§ About this exercise
Your job is to print, exactly, the lines in the data below from the line with "Gemshine Ohrringe blaue" through the line with "Background Texture Of Orange Fruit", both included, and to omit any picture.

§ Dataset extract
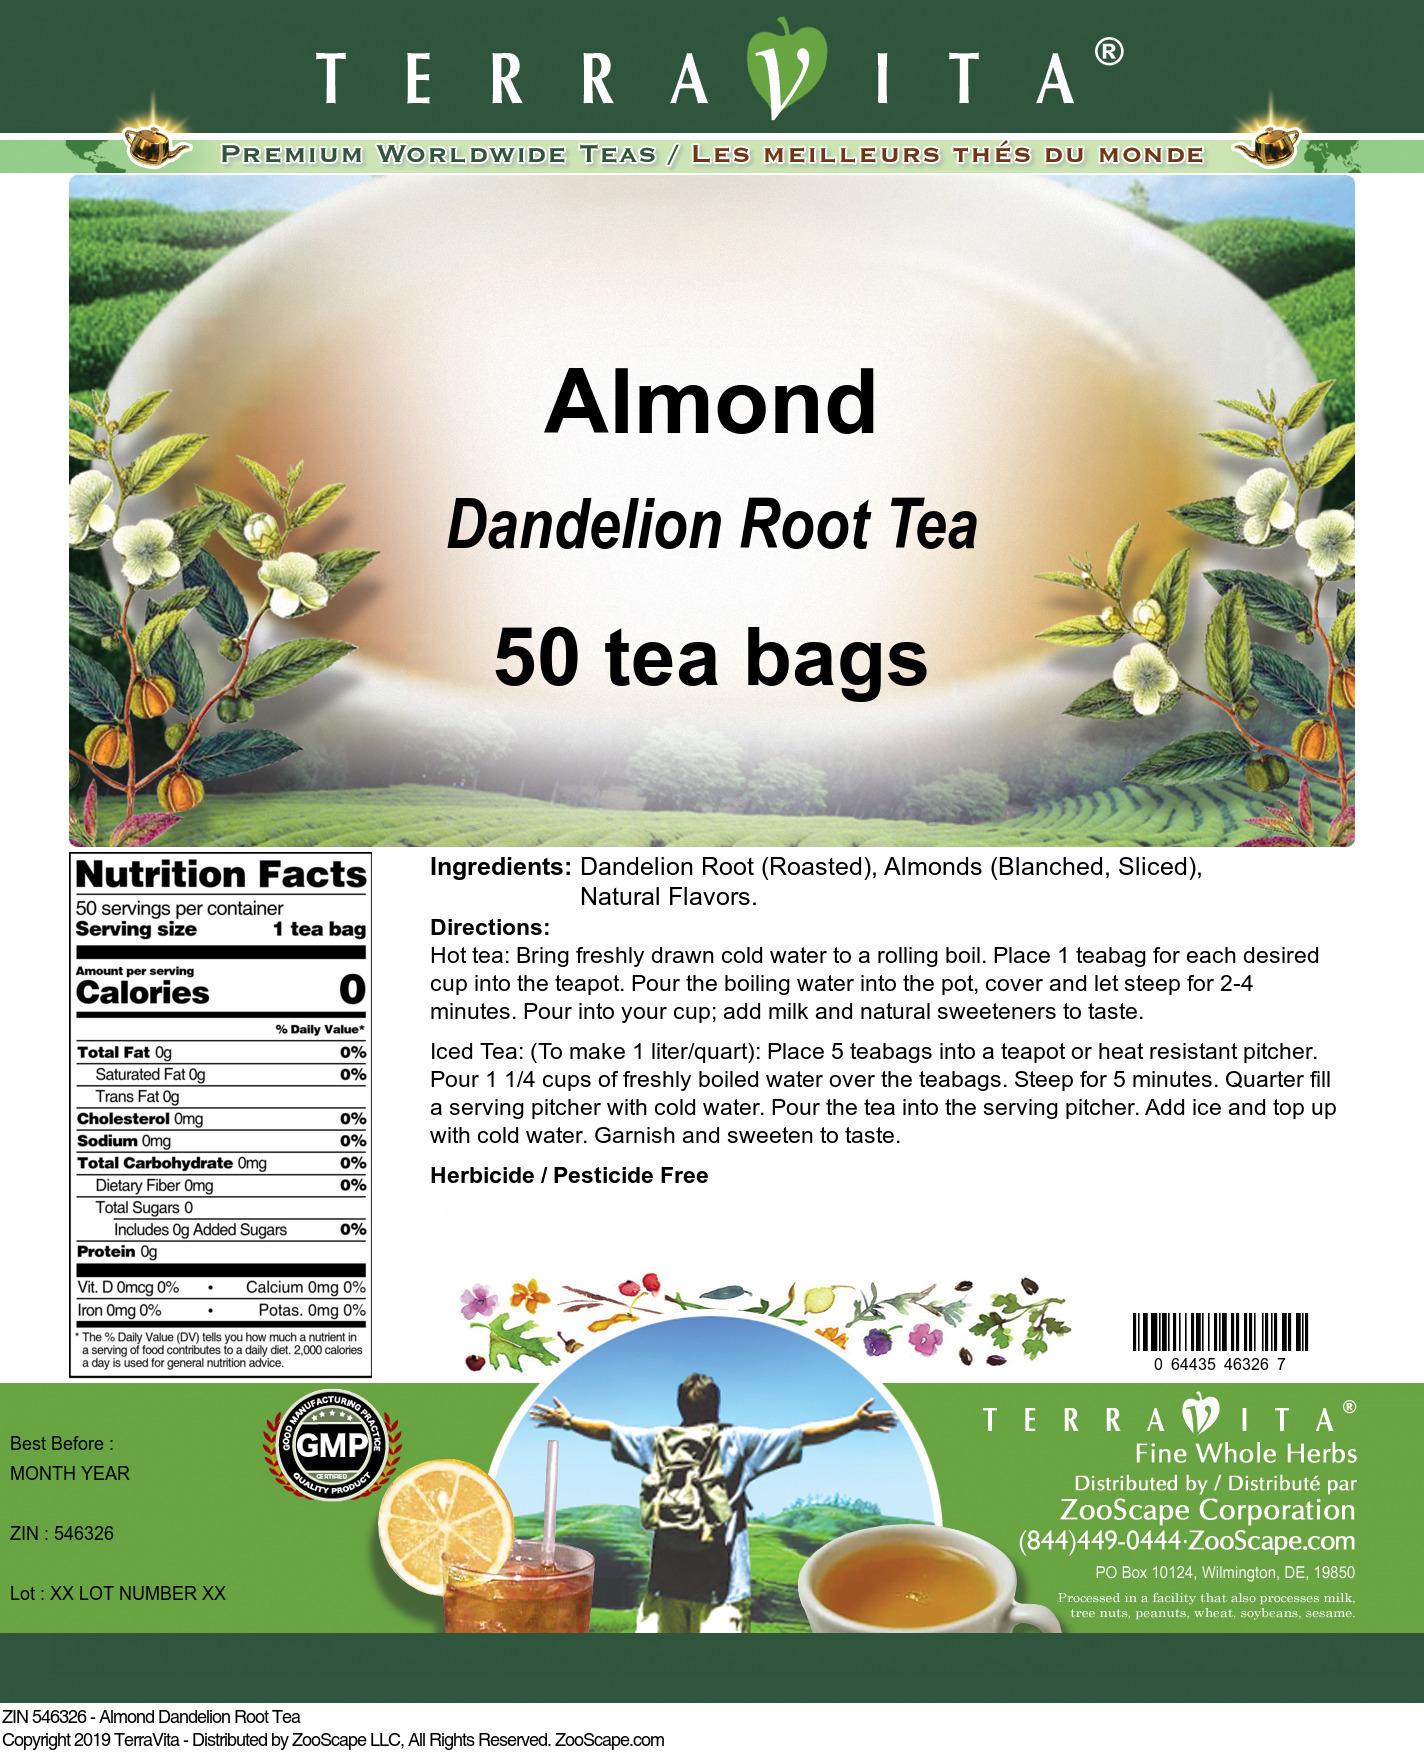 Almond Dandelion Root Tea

* * *

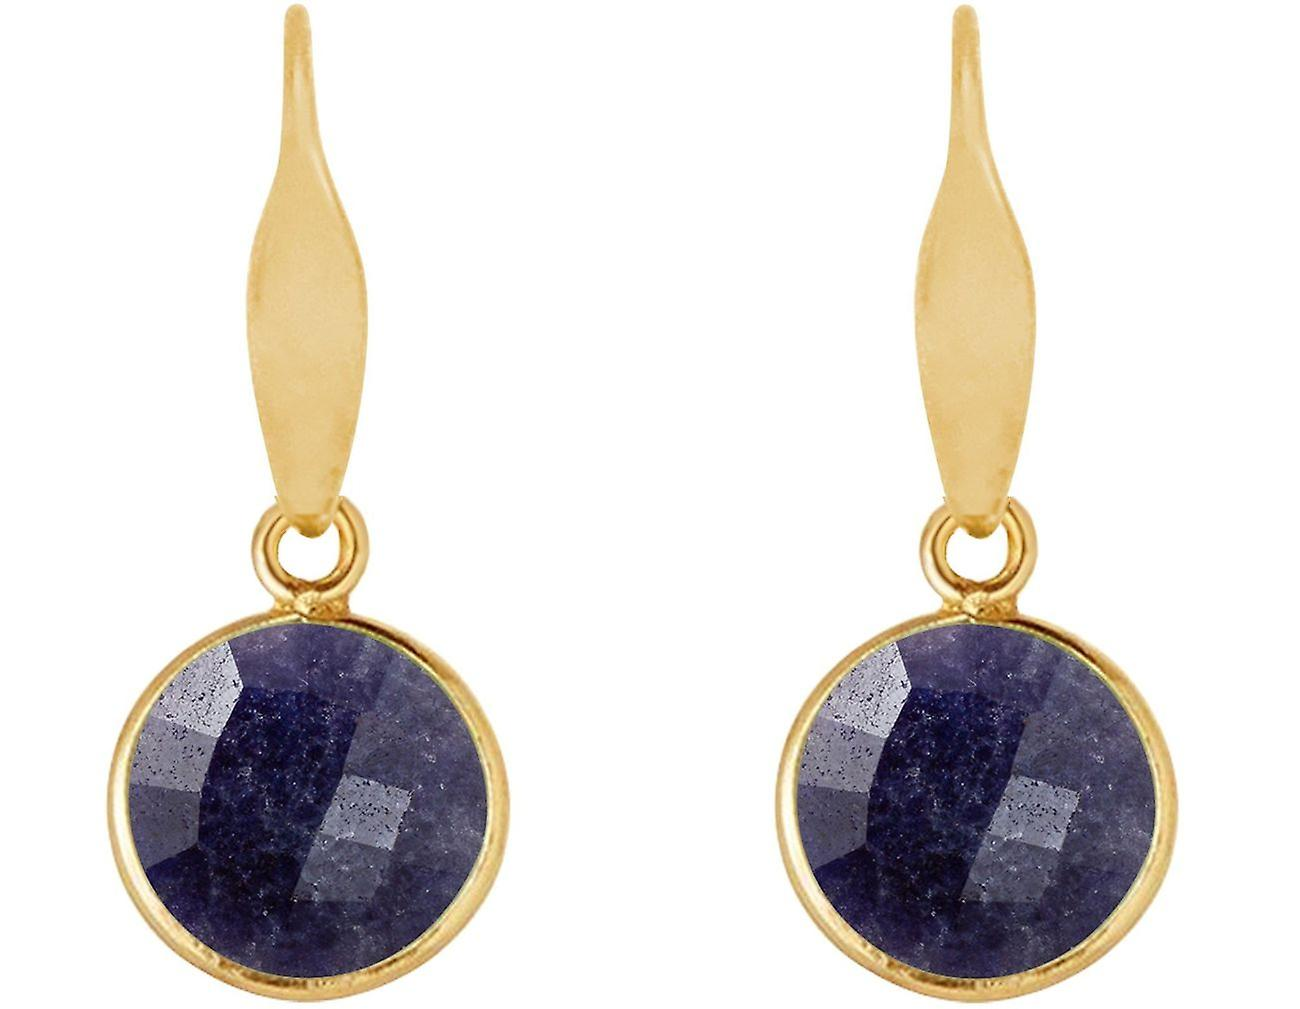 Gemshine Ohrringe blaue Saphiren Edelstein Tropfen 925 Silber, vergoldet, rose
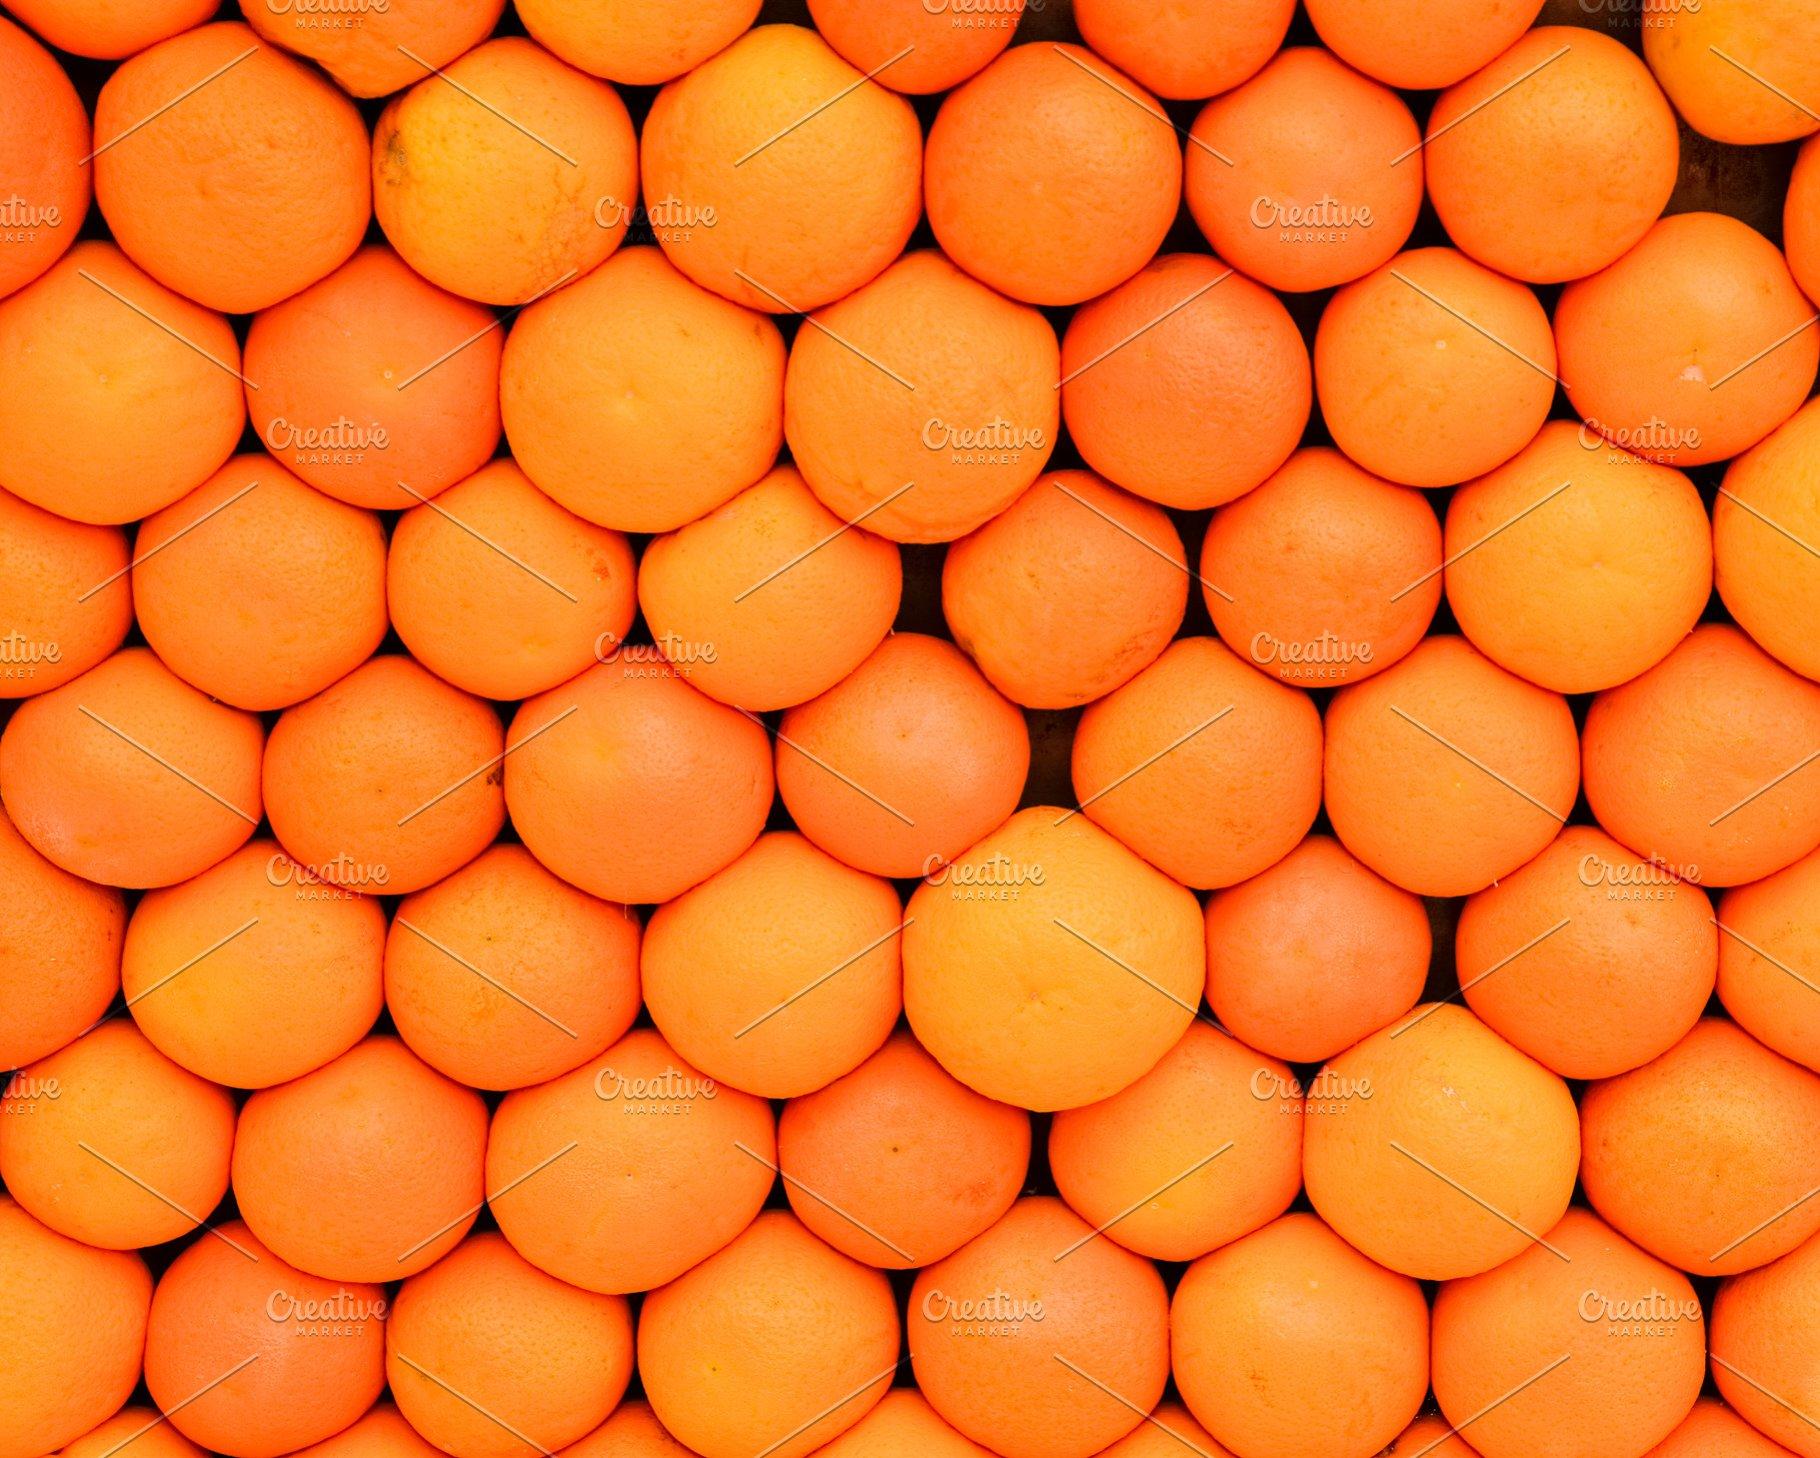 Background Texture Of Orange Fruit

§ Finished task
 Gemshine Ohrringe blaue Saphiren Edelstein Tropfen 925 Silber, vergoldet, rose
 Background Texture Of Orange Fruit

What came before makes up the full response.